Here’s an interesting curio sent on to us by Micah Berul, one of Allen’s ex-students from Brooklyn College, who writes: “Going through some old things, (I) came across an essay on “Kaddish” (that) I wrote while a student of Allen’s…in 1995 or 1996, in his class, “A Literary History of the Beat Generation”” (Editor’s note: Allen taught classes under this heading both at NAROPA and at Brooklyn, most notably, in 1987 in Brooklyn, along with a reading series under that title). Micah goes on: “He was kind enough to mail me my essay back after the semester ended with his handwritten comments. As you can see, he seemed to like it. It’s written to him, addressing him as “you”, which you won’t see in (very) many essays on Kaddish”. “An intelligent, sympathetic evaluation”, Allen declares, “of the theistic/non theistic split of mind (in the poem)”. Micah Berul is currently a labor lawyer living in San Francisco.

Dear Mikah (sic), Sorry to return this so late, & to have got your 2 notes & not replied before – overwhelming mass of paperwork, 4 CD Holy Soul box set of CDs – new Poem book last year, paperback Howl Annotated & Journals Mid-Fifties – all out now.

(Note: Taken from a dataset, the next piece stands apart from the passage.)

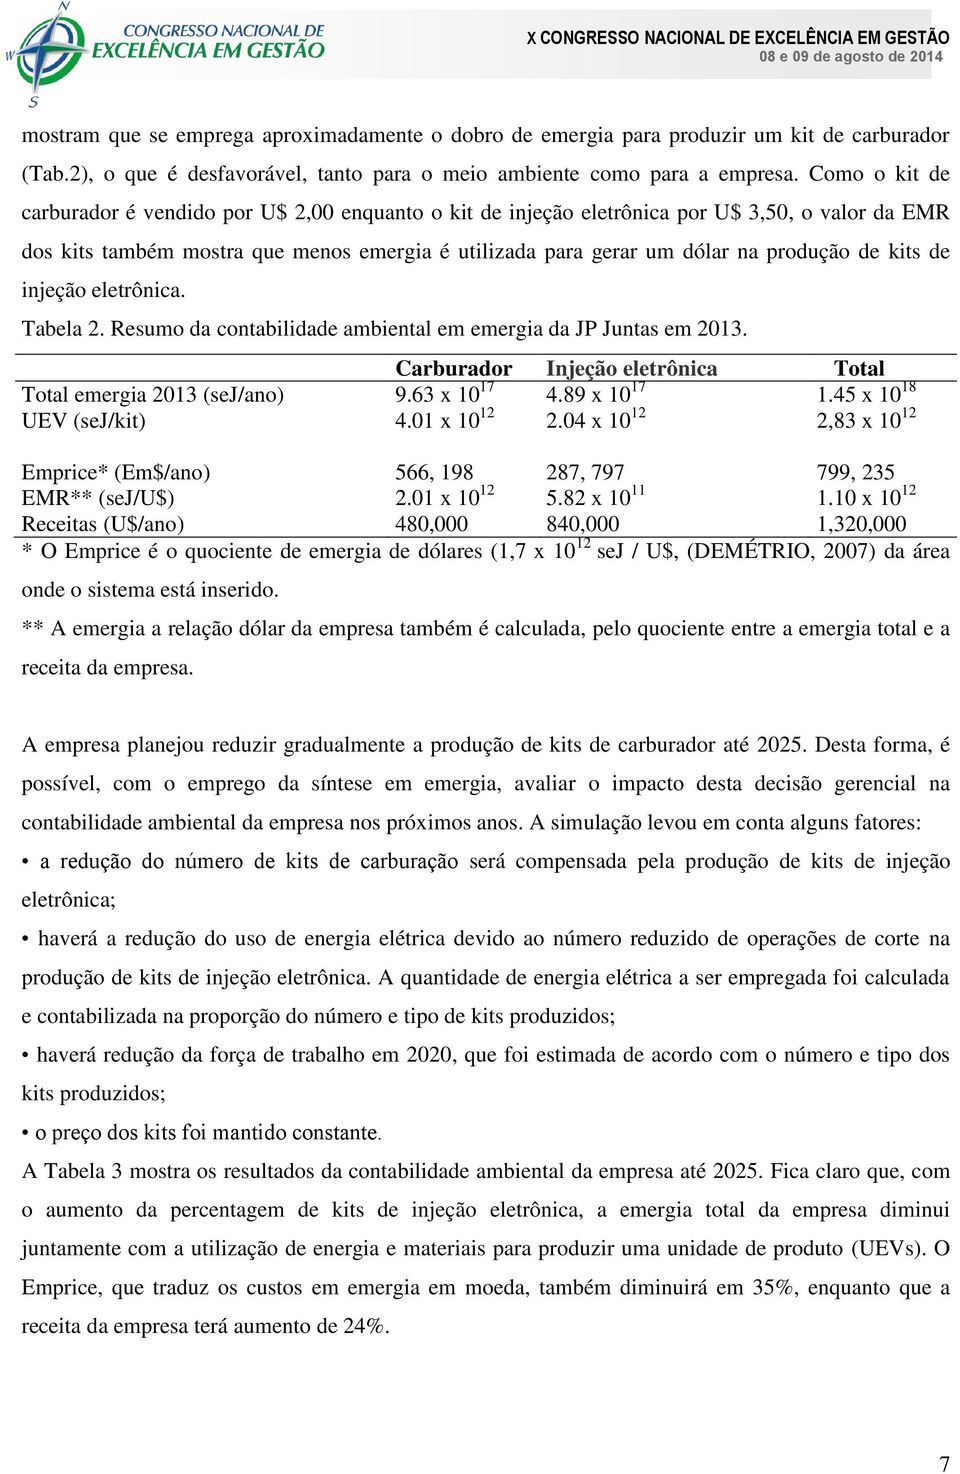 kits de injeção eletrônica. Tabela 2. Resumo da contabilidade ambiental em emergia da JP Juntas em 2013. Carburador Injeção eletrônica Total Total emergia 2013 (sej/ano) 9.63 x 10 17 4.89 x 10 17 1.

this is an intelligent & sympathetic evaluation of the theistic/nontheistic split of mind in Kaddish Poem Thanks, Allen Ginsberg, 3/27/94

Well, more overtly factual, palpable rather than Idea.

(left margin)
the passage ” O Russian faced, woman on the grass,” has classical elegance poetical construction like Tennyson etc.

bottom : see also Father Death Blues in Poem Don’t Grow Old 1976.

“God’s perfect Darkness”

ok

near (this is a near Buddhist notion)

yes a touch of conventional Theism, or traditional theistic language here.

or transgressing literary convention, and making the transgression “sacred.”